How does this affect our worship? Pause to consider what you owe God. If “everything” does not come to mind, then think again. Now, contemplate how God owes nothing to anyone; no one holds Him in debt. Yet this same God has given freely to you! Can you be silent in the face of such generosity, especially when it comes to saving grace?
The doxology ends with a summary declaration. It looks at the foundation of every detail in our lives and the universe. It considers the means that the universe and all within it functions. And it reveals the grand aim of everything in existence. “For from Him and through Him and to Him are all things. To Him be the glory forever. Amen.” Three little prepositions take us from the origin of all things in God, to the sustaining of all things by God, and finally to the purpose for all things existing for His glory.
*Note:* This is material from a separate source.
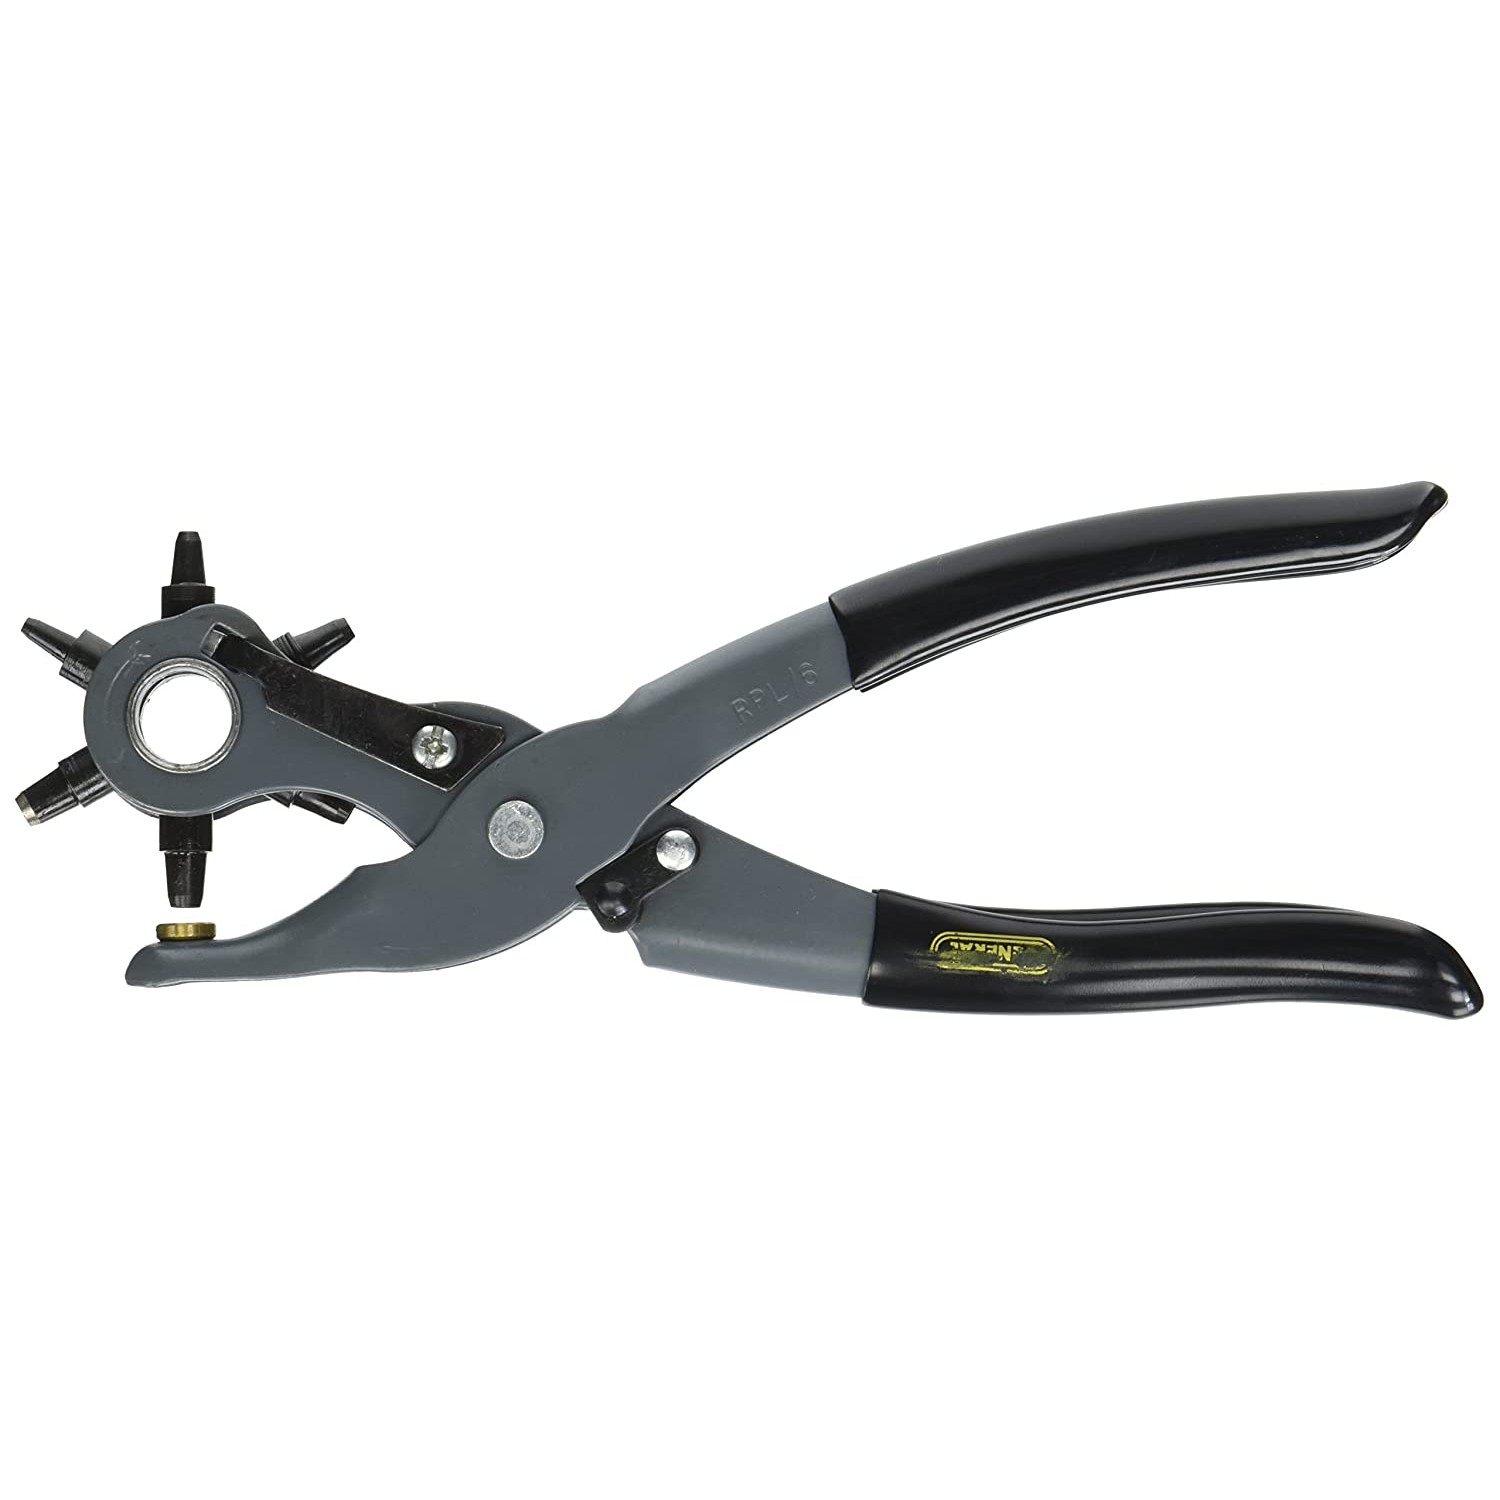 General Tools 72 Revolving Punch Plier - image 2 of 2

Whether we see it or not, whether scientists have discovered it or not, whether we understand it or not—everything has its existence in the Lord; and everything has its ultimate purpose for His glory.
Take a look back at the declaration of the gospel as the righteousness of God, the explanation of the sinfulness of humanity, the gracious act of God propitiating His own just demands through the death of His Son, the assurance of sanctification and glorification for those redeemed by Christ, the electing grace of God, and finally, God returning in mercy to do a saving work among the Jewish people. There is one reason for all these things: the glory of God forever. Is His glory the aim of your life? “For from Him and through Him and to Him are all things. To Him be the glory forever. Amen.”